┏━━

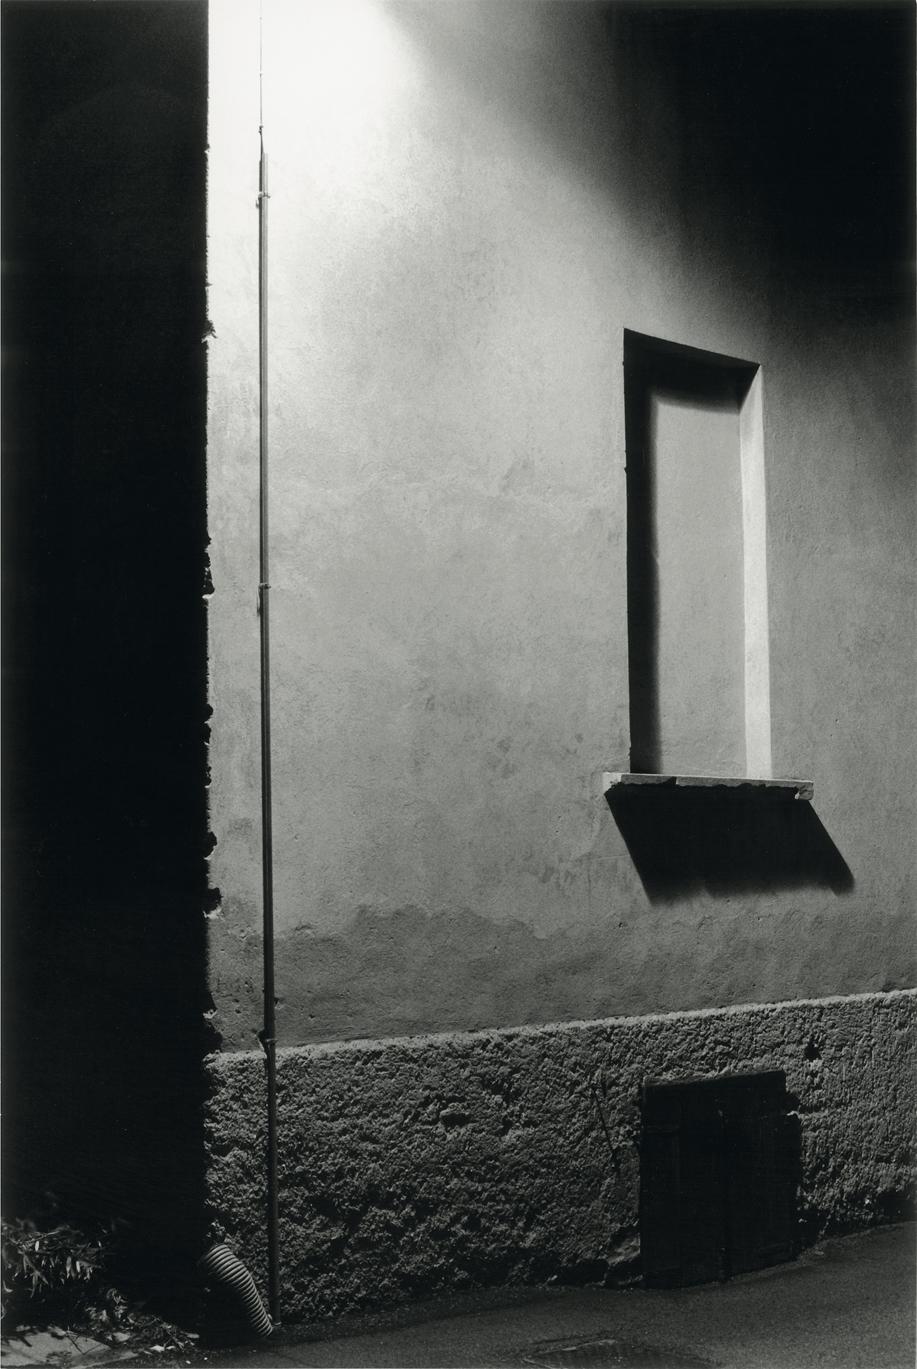 06) Study n. 10 (2012) Paolo Novelli
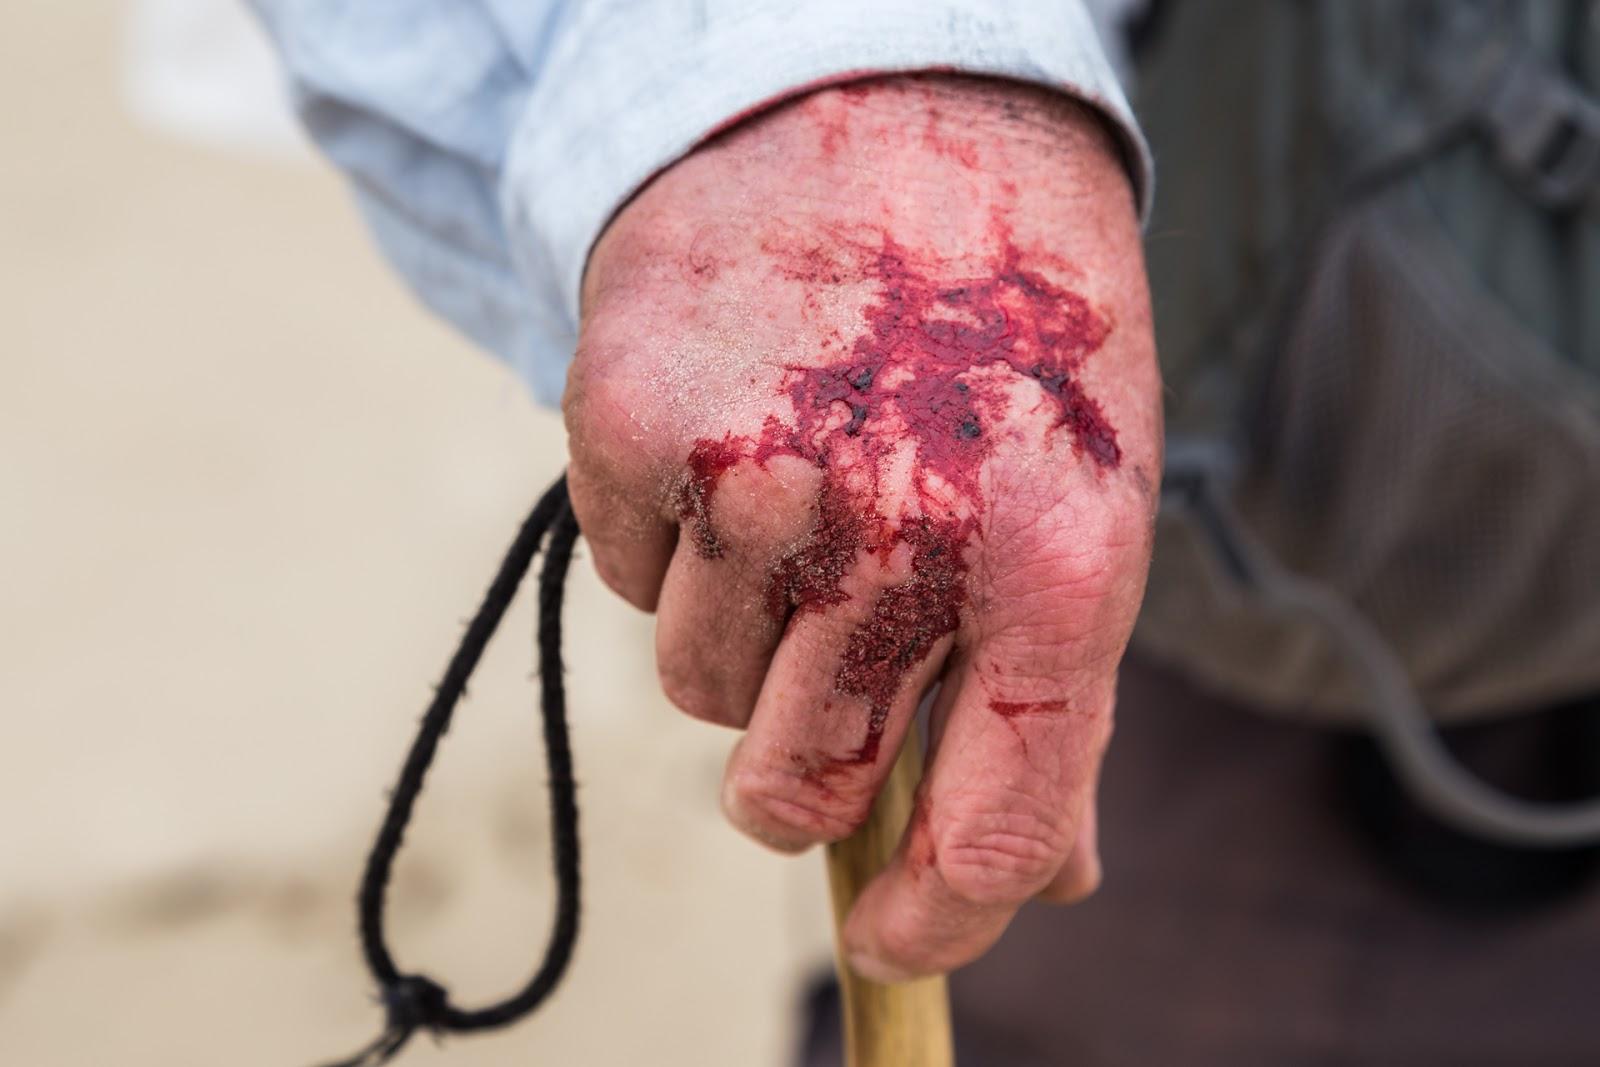 bleeding hand from hiking
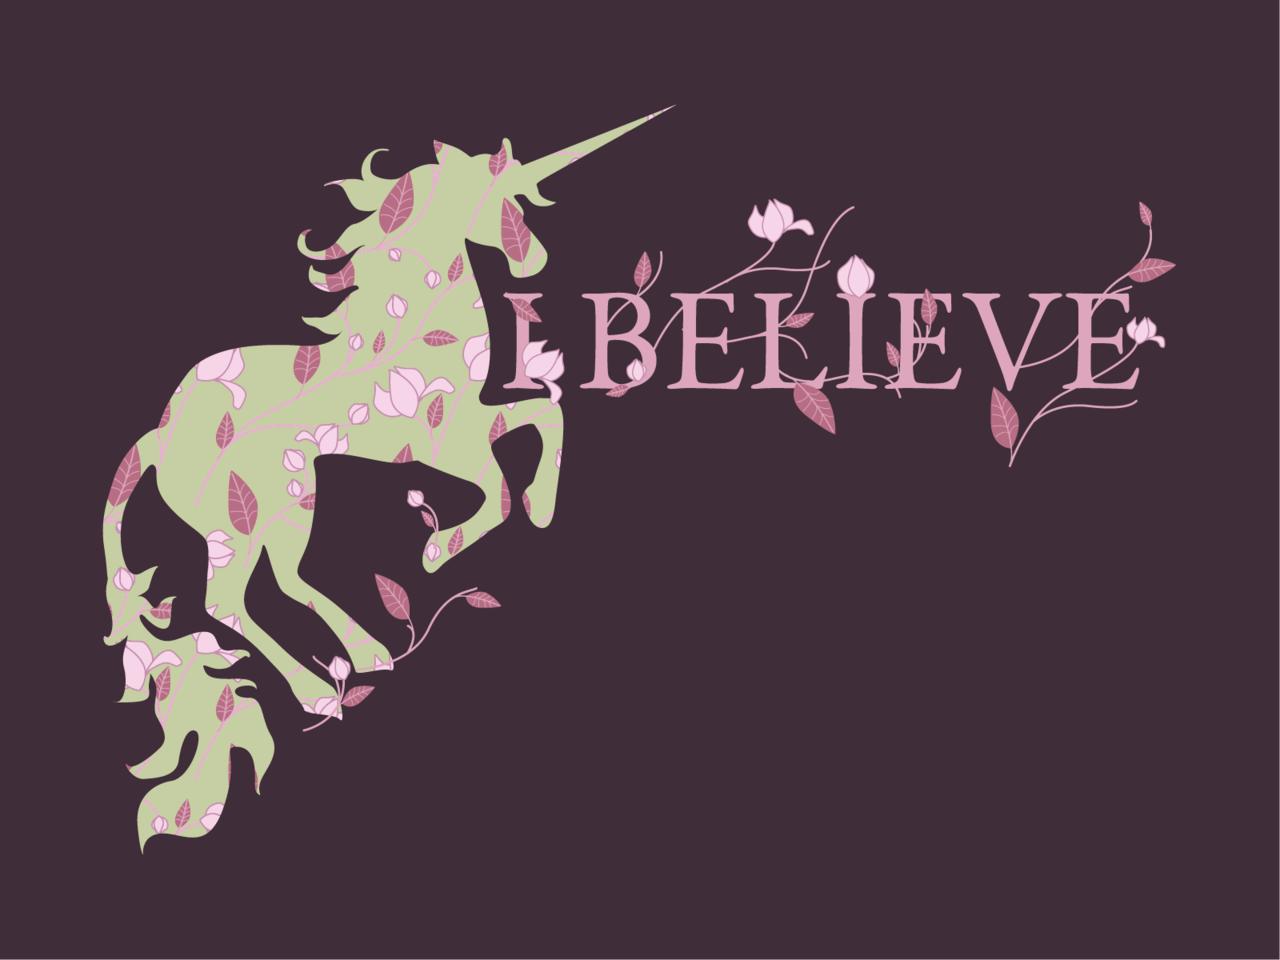 Originalmeaningofalternative Unicorn Backgrounds Unicorn Wallpaper Unicorn
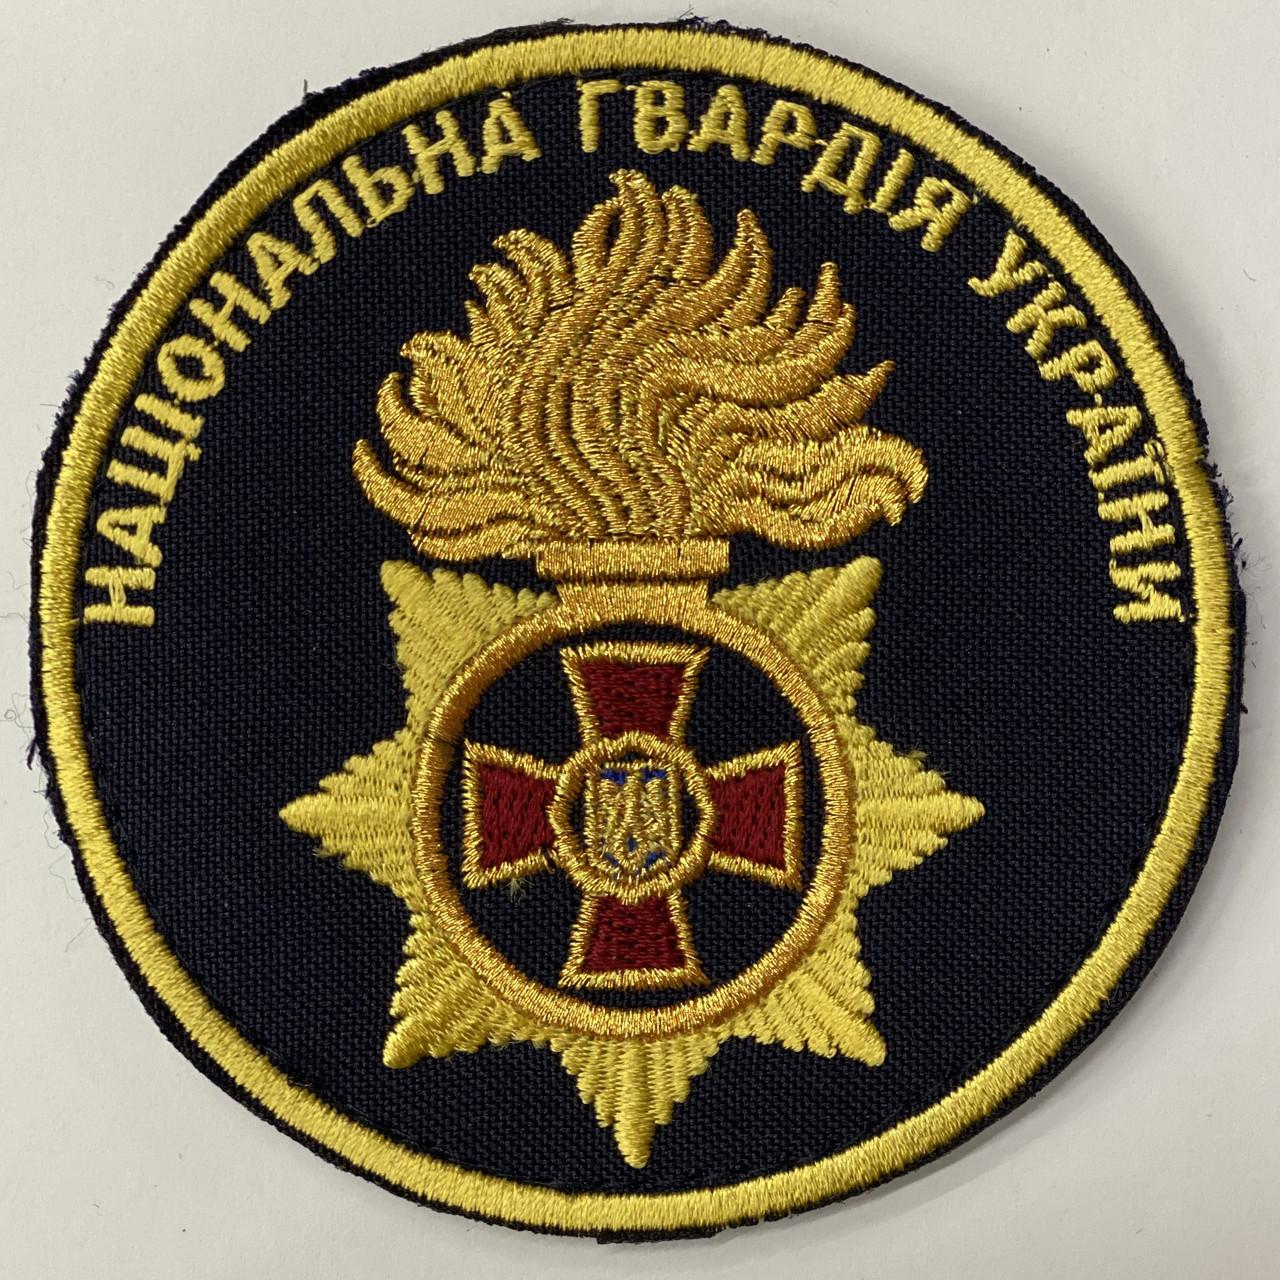 Шеврон Національна гвардія України (пламя)

┗━━

→ What to produce: Drop the images and copy all the data exactly.

→ Finished exercise:
 06) Study n. 10 (2012) Paolo Novelli
 bleeding hand from hiking
 Originalmeaningofalternative Unicorn Backgrounds Unicorn Wallpaper Unicorn
 Шеврон Національна гвардія України (пламя)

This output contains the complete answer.